**Task details:**
Go through the listing below and retype exactly the lines starting at the one with "Idaho Minor (Child)" and ending at the one with "Nirav Tolia is", skipping pictures.

**Extracted material:**

○ ○ ○ ○ ○ ○ ○

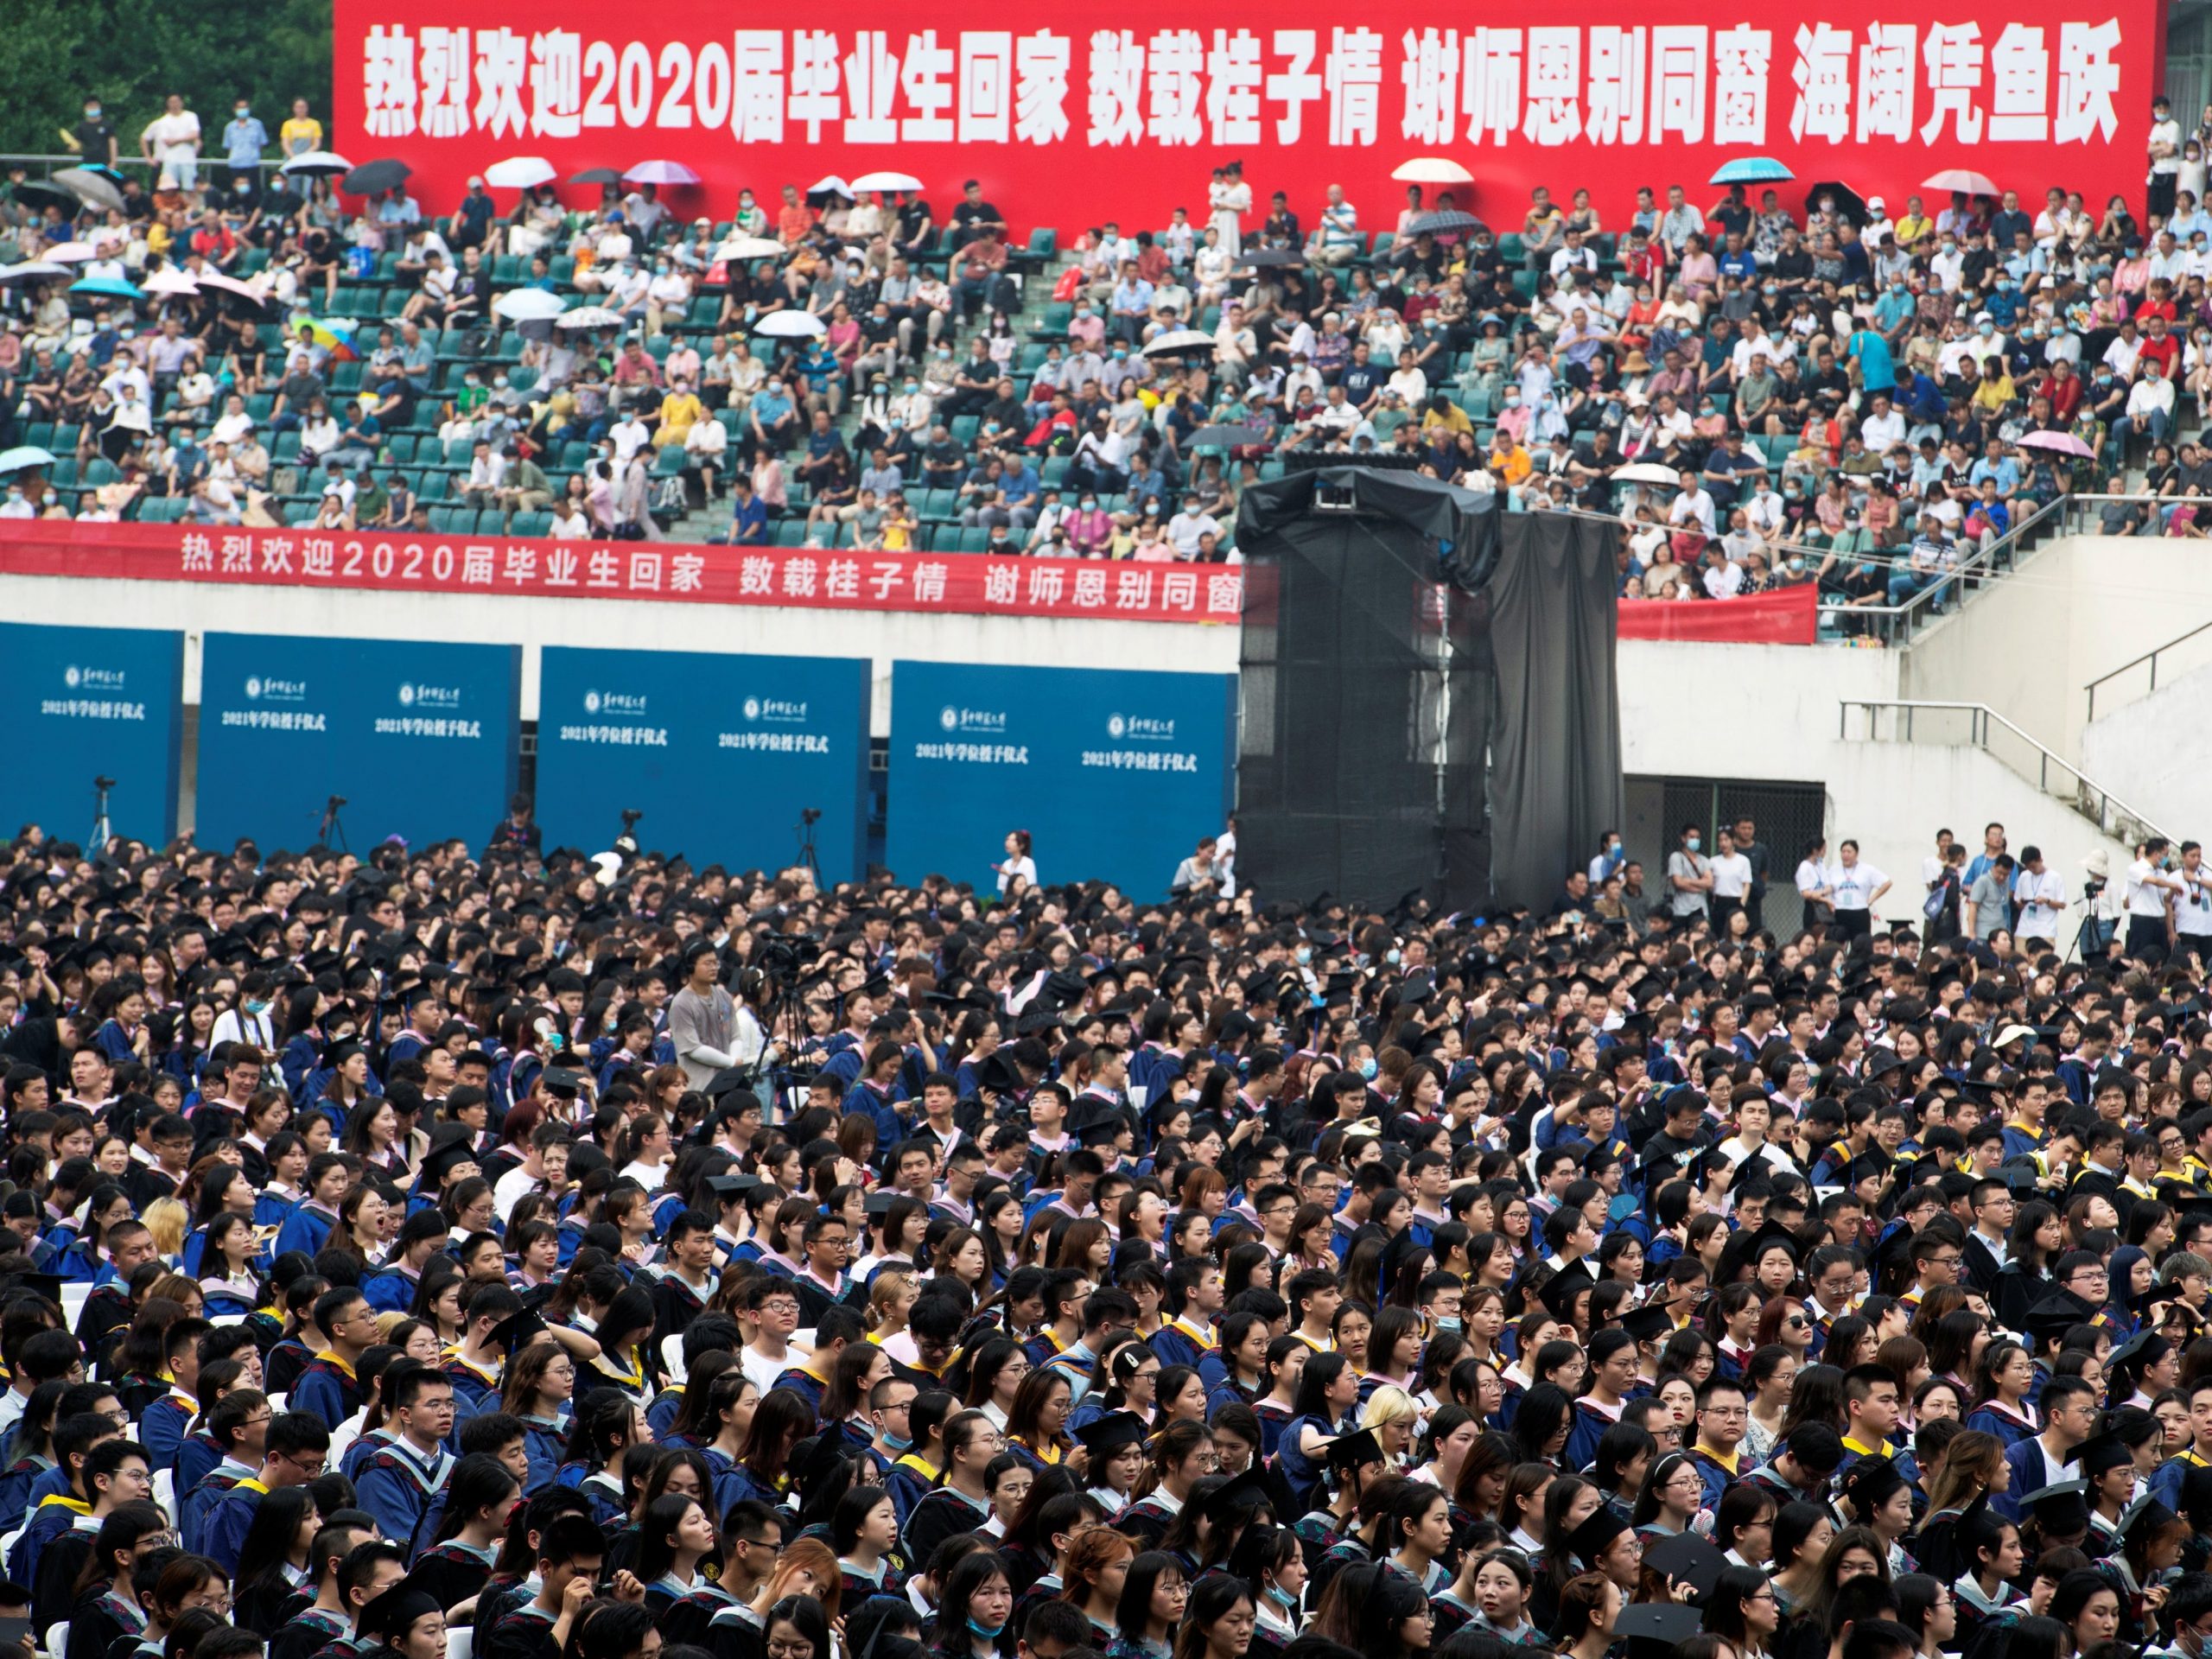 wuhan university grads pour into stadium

○ ○ ○ ○ ○ ○ ○

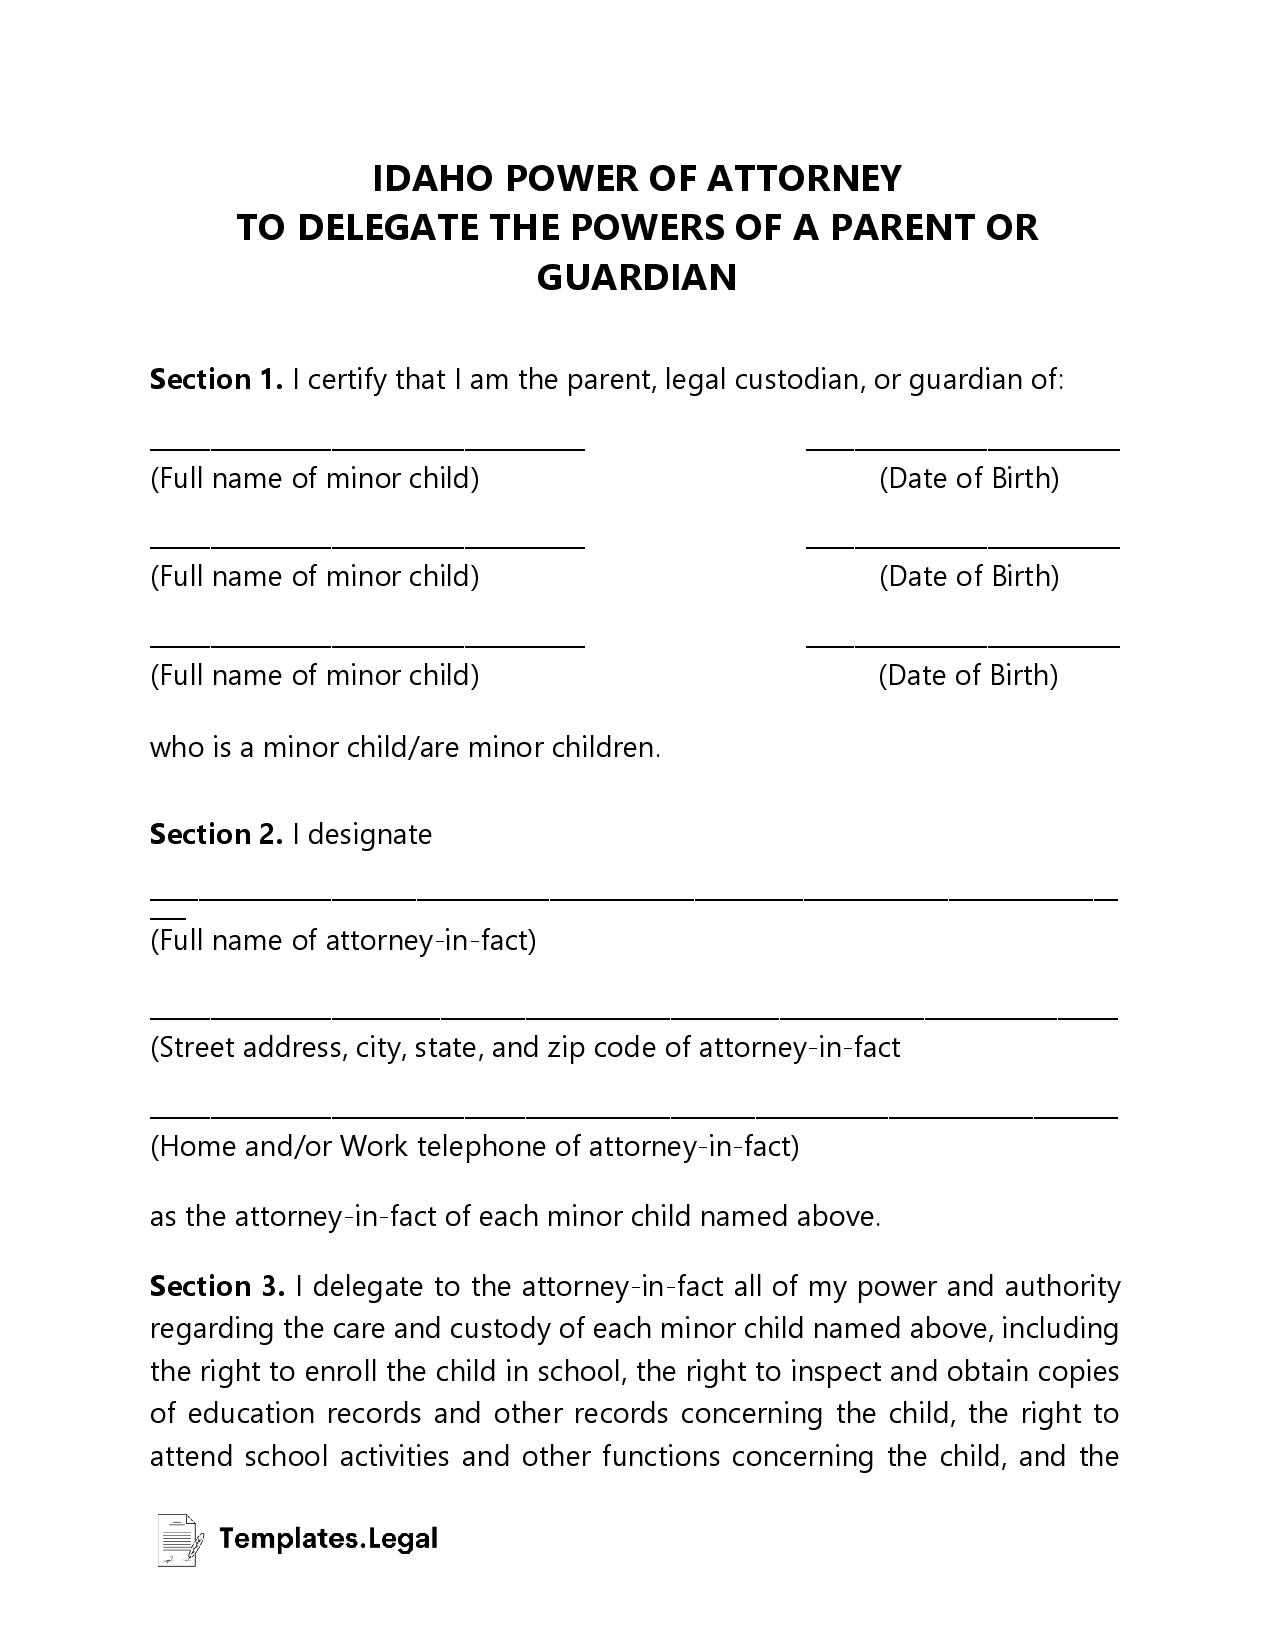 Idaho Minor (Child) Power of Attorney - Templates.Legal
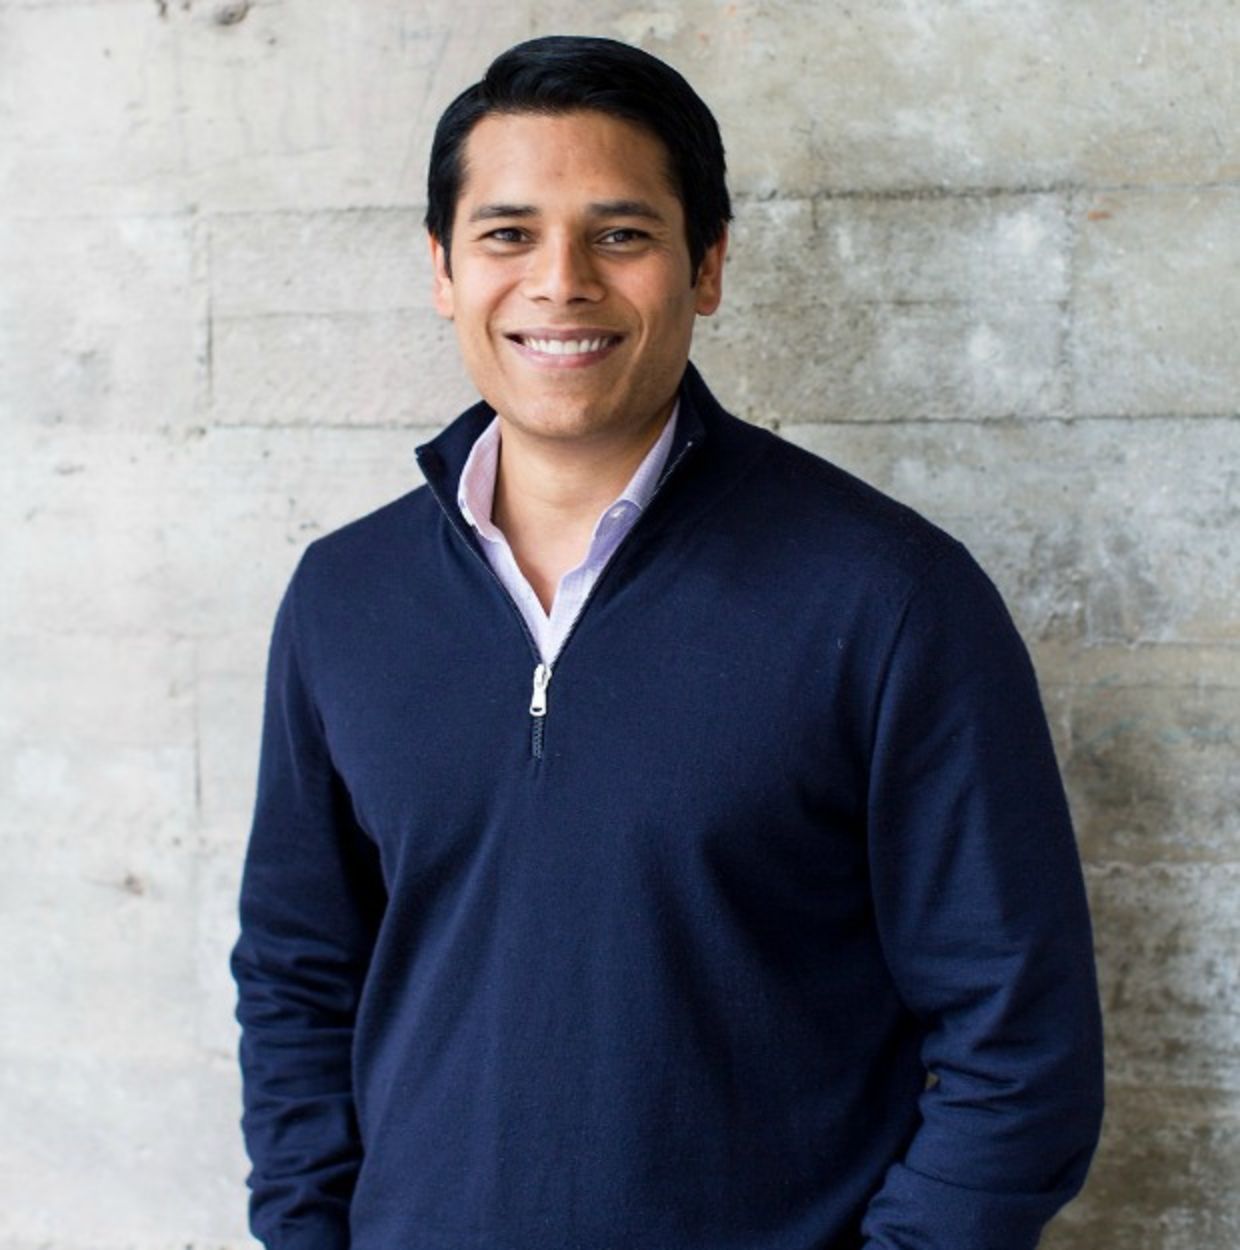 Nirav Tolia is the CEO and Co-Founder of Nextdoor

○ ○ ○ ○ ○ ○ ○

**Written response:**
 Idaho Minor (Child) Power of Attorney - Templates.Legal
 Nirav Tolia is the CEO and Co-Founder of Nextdoor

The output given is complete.